## Exercise goal
Write out each line of the listing as it stands, without the images.

## Given data
_ _ _ _

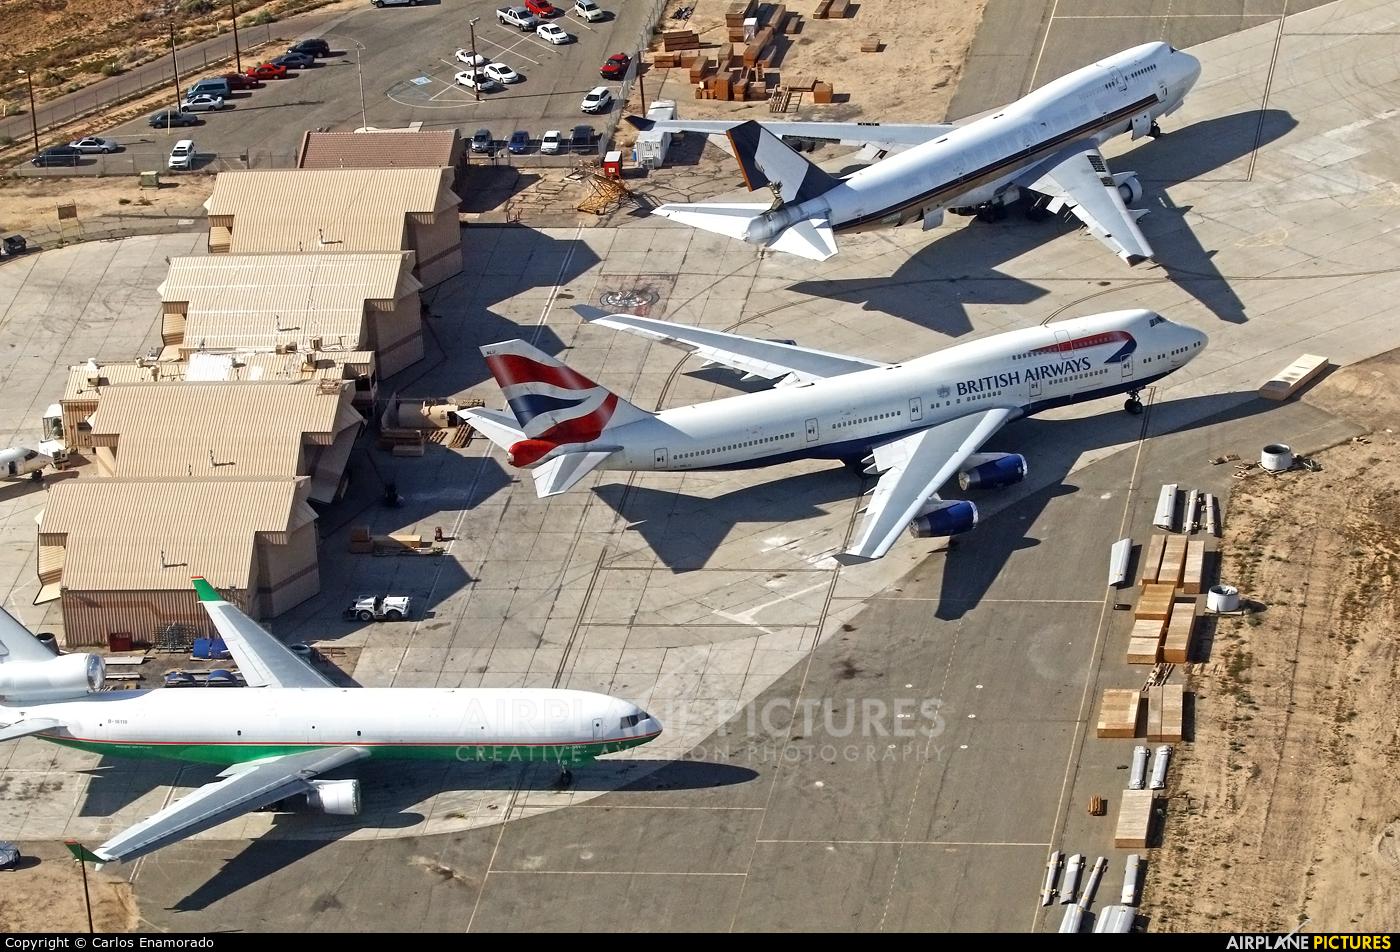 British Airways G-BNLU aircraft at Victorville - Southern California Logistics
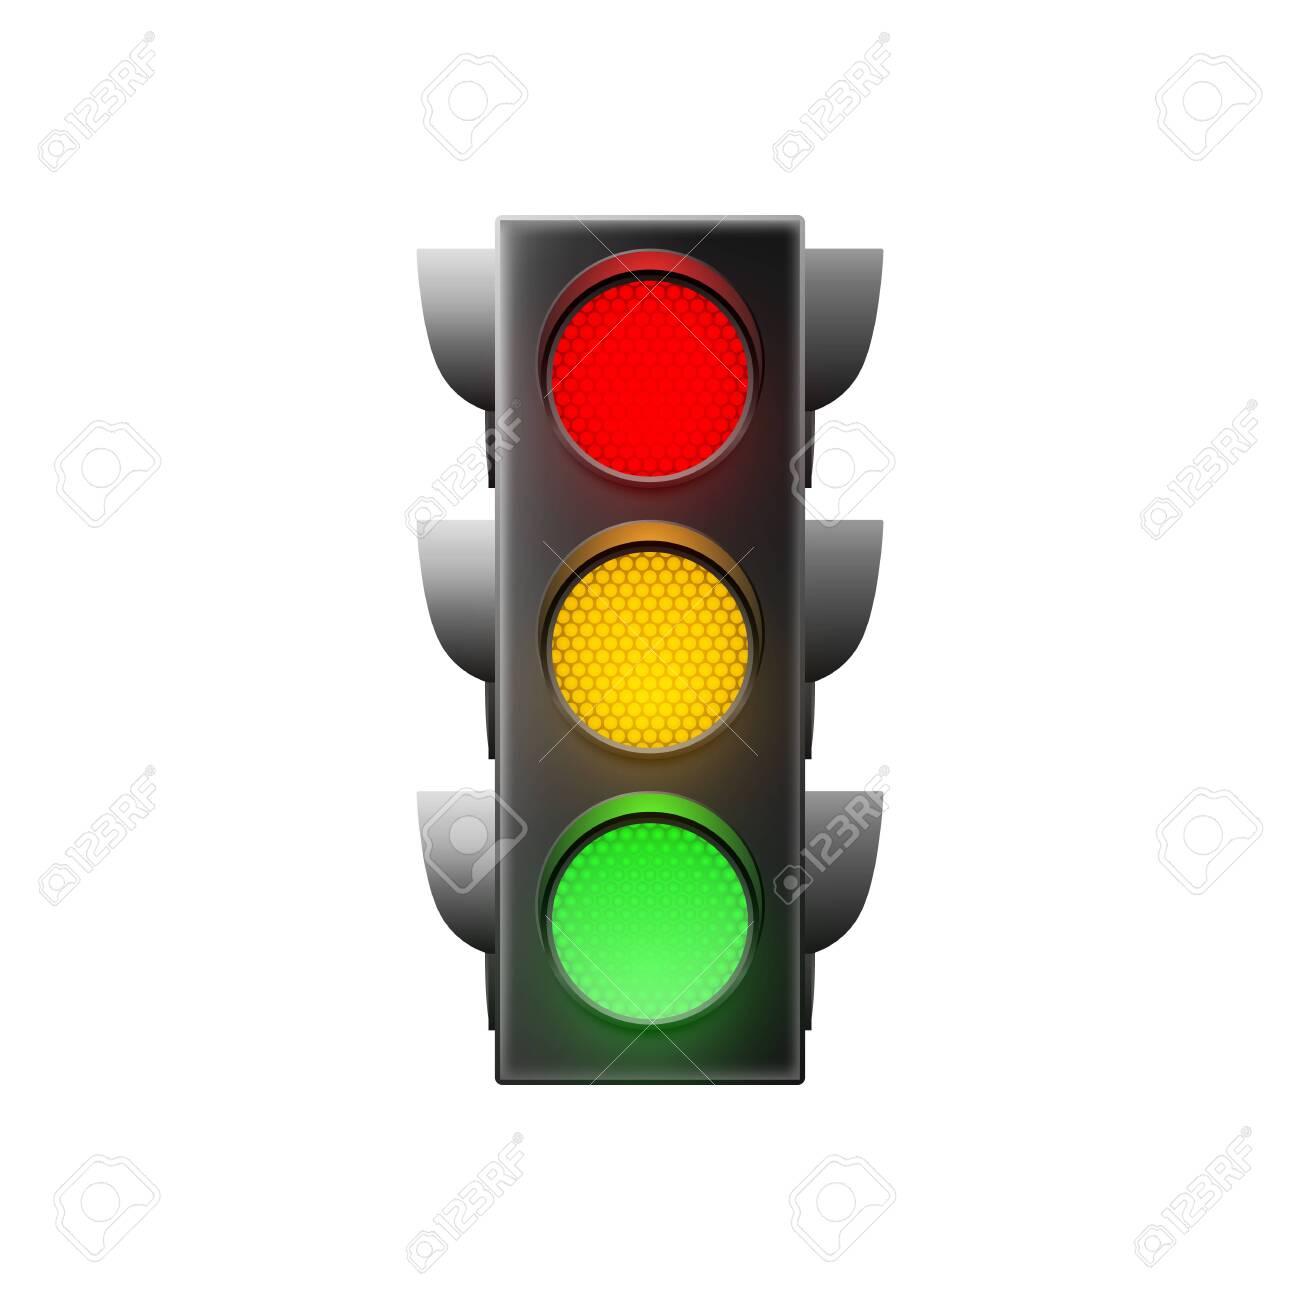 Traffic light isolated on white background. Vector illustration - 147625496
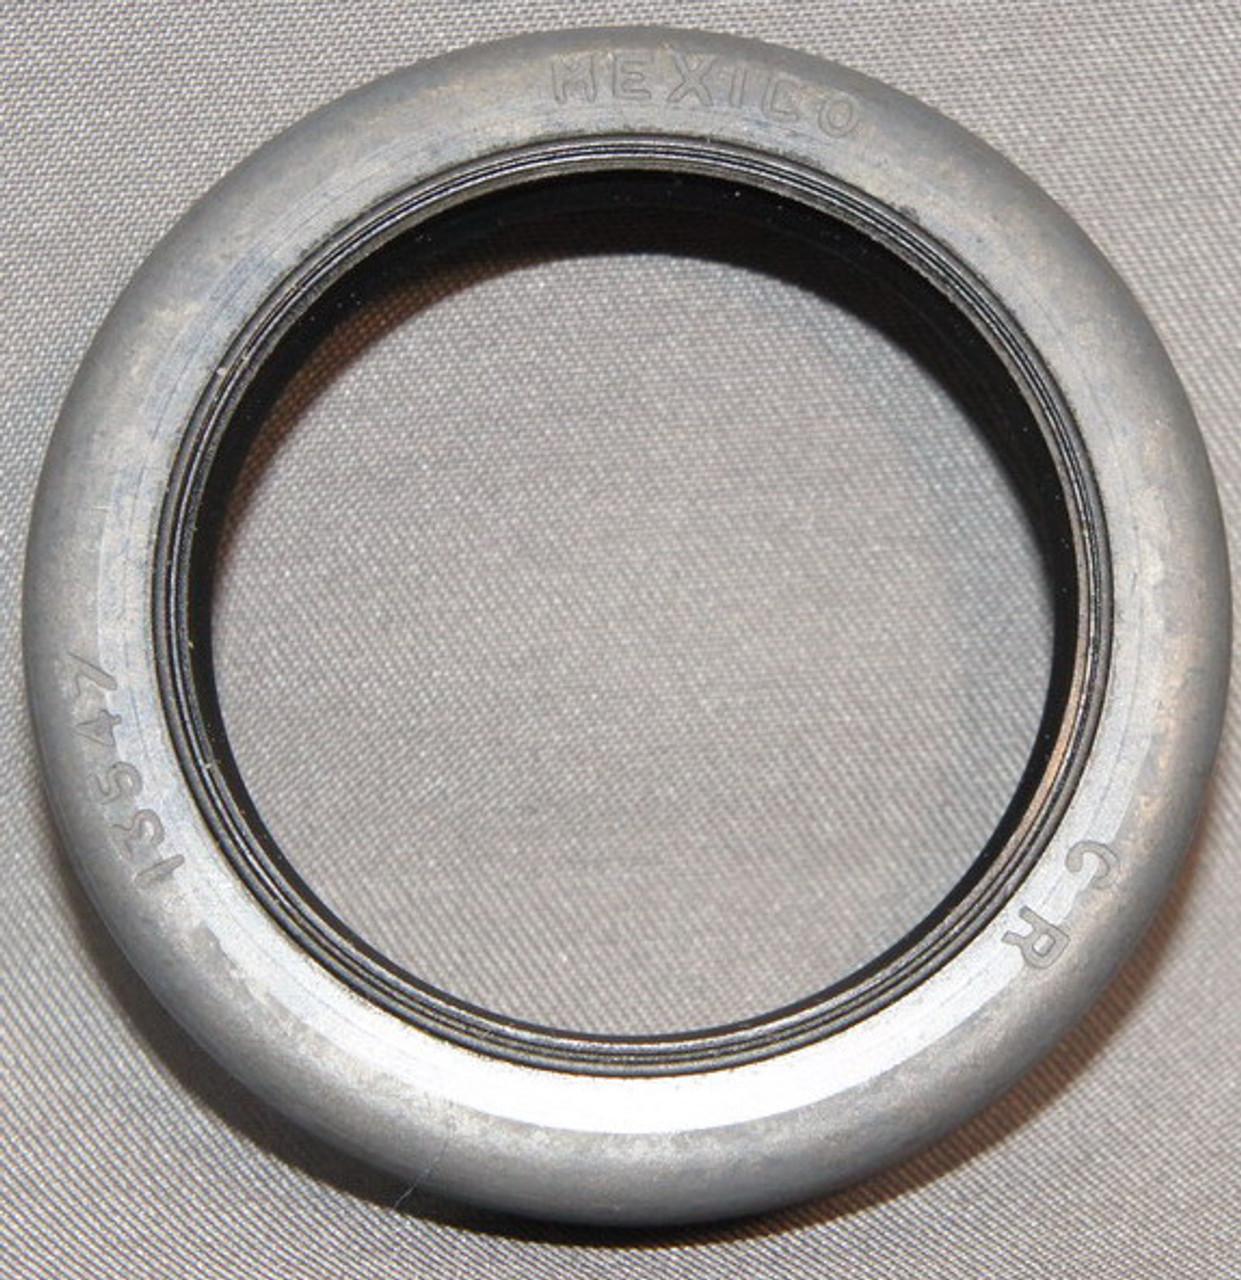 TorRey M-12FS & M-22 Series Seal (Back) - 05-00189
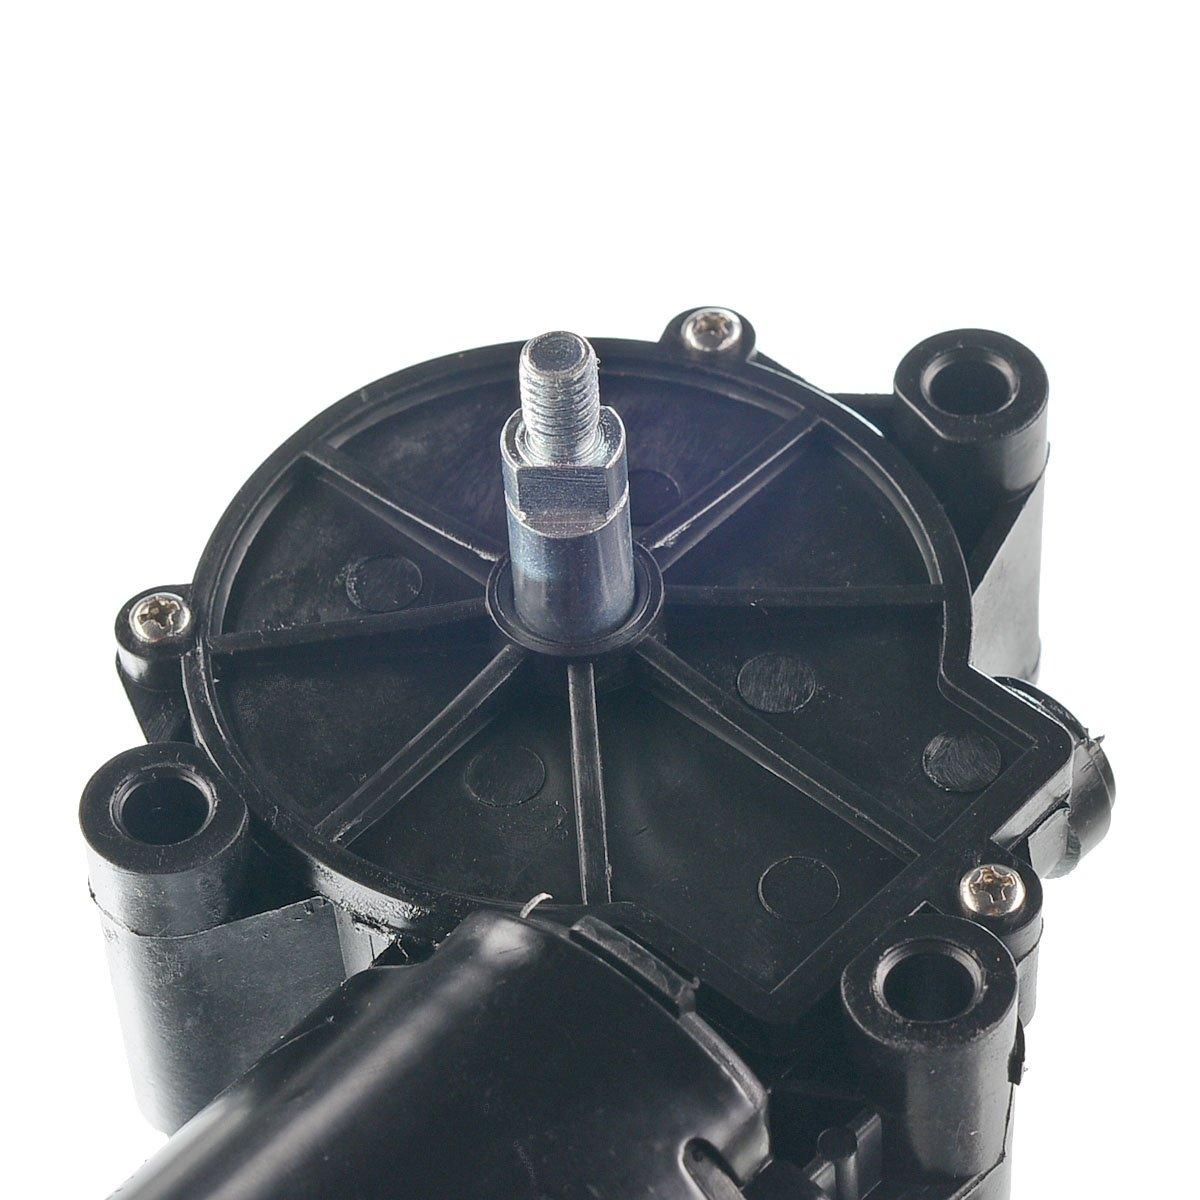 A-Premium Headlight Headlamp Motor for Pontiac Firebird 1998-2002 Front/Left/Driver/Side

_ _ _ _

## Written solution
 British Airways G-BNLU aircraft at Victorville - Southern California Logistics
 Traffic light isolated on white background. Vector illustration - 147625496
 TorRey M-12FS & M-22 Series Seal (Back) - 05-00189
 A-Premium Headlight Headlamp Motor for Pontiac Firebird 1998-2002 Front/Left/Driver/Side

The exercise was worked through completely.